Under these circumstances, the key issue is whether the actions of the officers invaded a legitimate expectation of privacy of Ms. Mc Donald. "A 'search' occurs when an expectation of privacy that society is prepared to consider reasonable is infringed." United States v. Jacobsen, 466 U.S. 109, 113 (1984) (confirming that the public has a legitimate expectation of privacy in letters and packages in transit through the mail or by private carrier). Officers who seek to search private property must respect the "legitimate expectation of privacy" in that property. United States v. Rush, 890 F.2d 45, 48 (7th Cir. 1989).
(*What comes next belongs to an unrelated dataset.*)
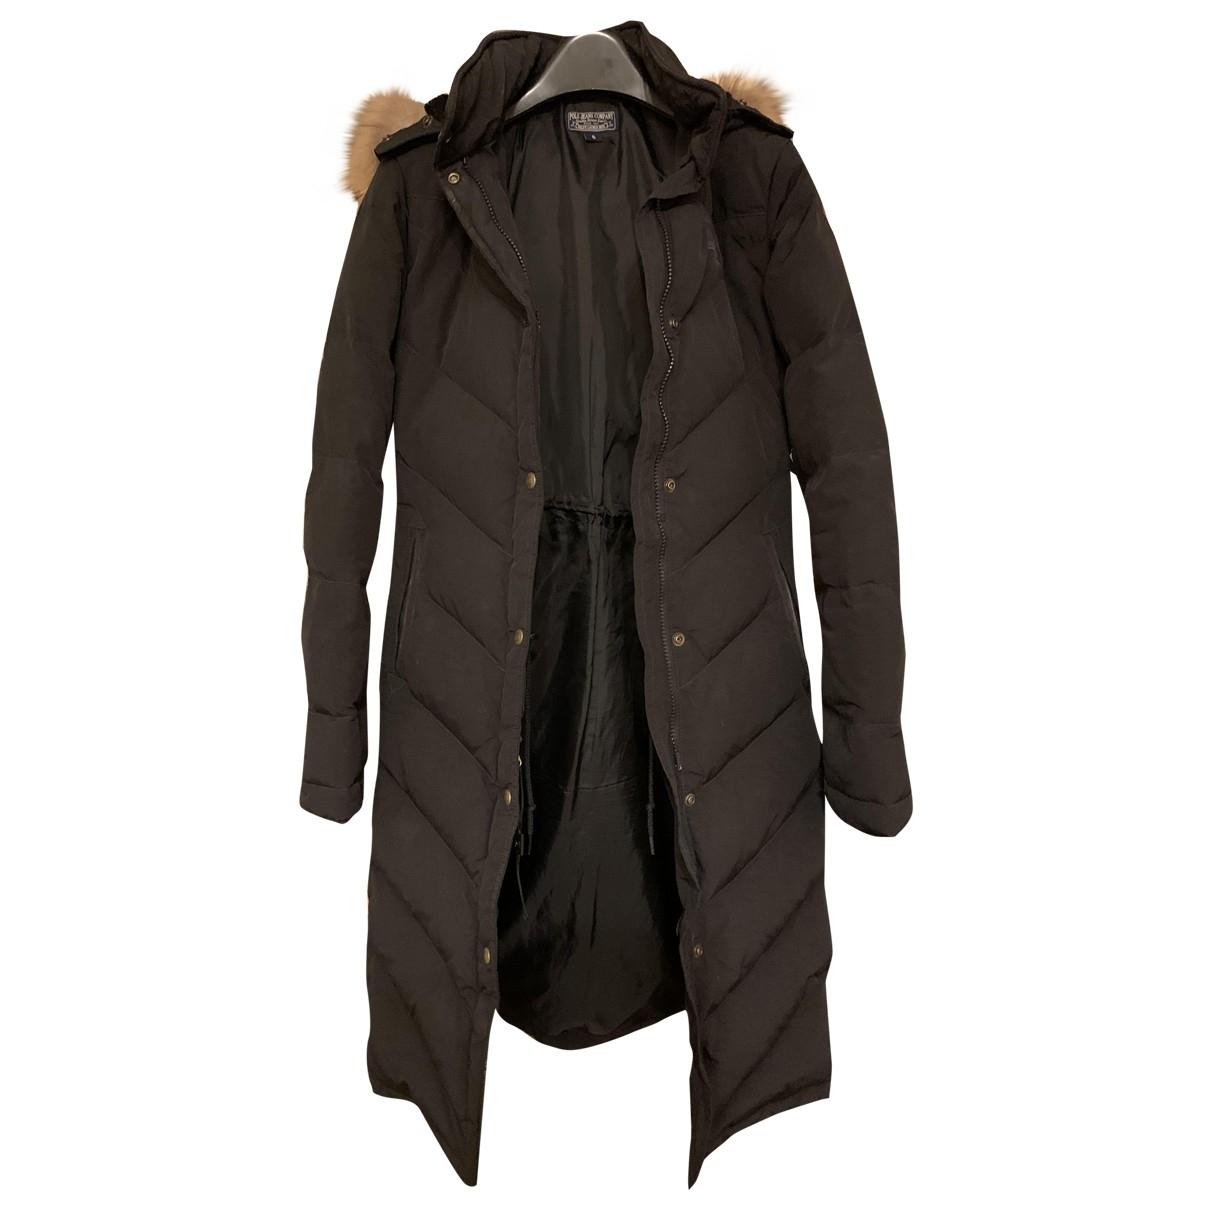 Ralph Lauren \N Black coat for Women S International

It is well established that a traveler has a legitimate expectation of privacy in his luggage, which is "intended as a repository of personal effects." United States v. Chadwick, 433 U.S. 1, 13 (1977), overruled in part, California v. Acevedo, 500 U.S. 565 (1991).6 The Court reiterated this principle in United States v. Place, 462 U.S. 696, 707 (1983): "We have affirmed that a person possesses a privacy interest in the contents of personal luggage that is protected by the Fourth Amendment." Our circuit has followed Place in recognizing this privacy interest.7 "For just as the most frail cottage in the kingdom is absolutely entitled to the same guarantees of privacy as the most majestic mansion, so may a traveler who carries a toothbrush and a few articles of clothing in a paper bag or knotted scarf claim an equal right to conceal his possessions from official inspection as the sophisticated executive with the locked attache case." United States v. Ross, 456 U.S. 798, 822 (1982).
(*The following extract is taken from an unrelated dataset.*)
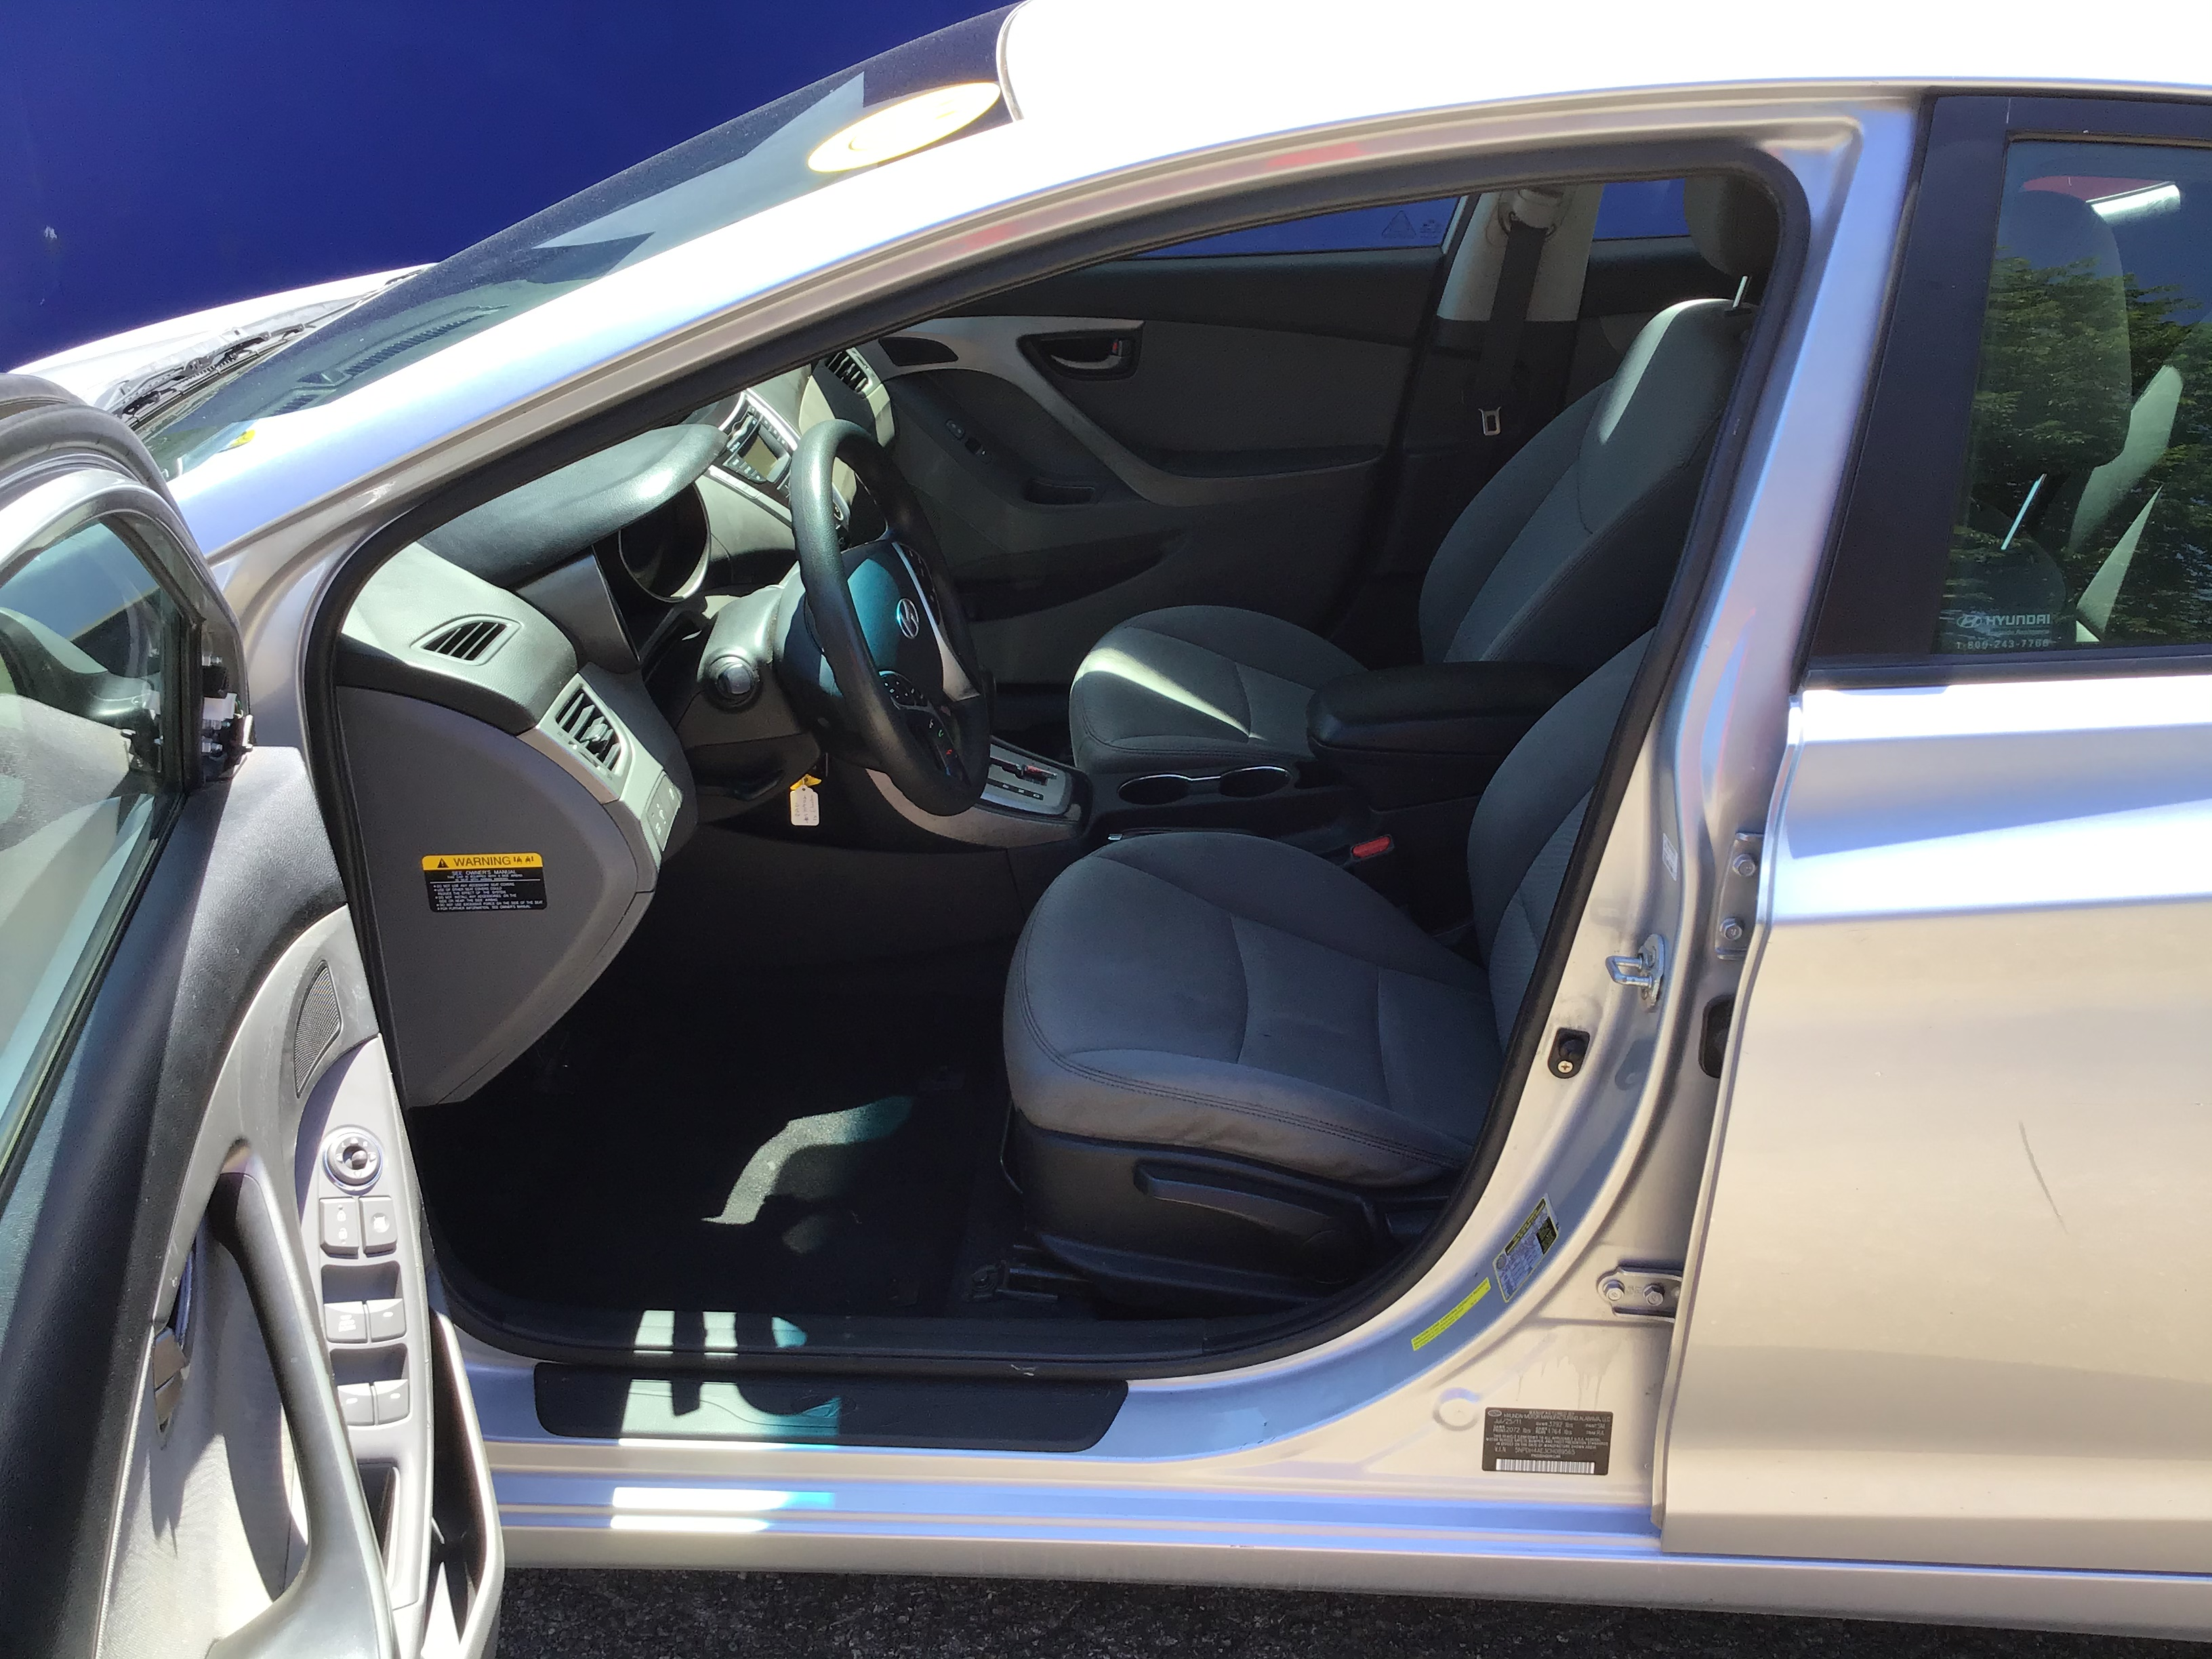 used vehicle - Sedan HYUNDAI ELANTRA 2012

We therefore must determine the nature and extent of Ms. McDonald's legitimate expectation of privacy in her luggage when she left it in the rack above her seat during the bus stop in Indianapolis.8 By placing her luggage in a public conveyance, Ms. McDonald certainly had an expectation of privacy less than in her home.9 However, the degree of privacy that she sacrificed depends on the particular circumstances. Here, she did not submit the bags to a search as a condition of her carriage on the bus.10 Nor did she check the luggage or otherwise place it in a situation in which she would lose control over it throughout the journey. While temporarily leaving the bus at an intermediate stop, she left the bags on the bus in the care of the driver of the vehicle.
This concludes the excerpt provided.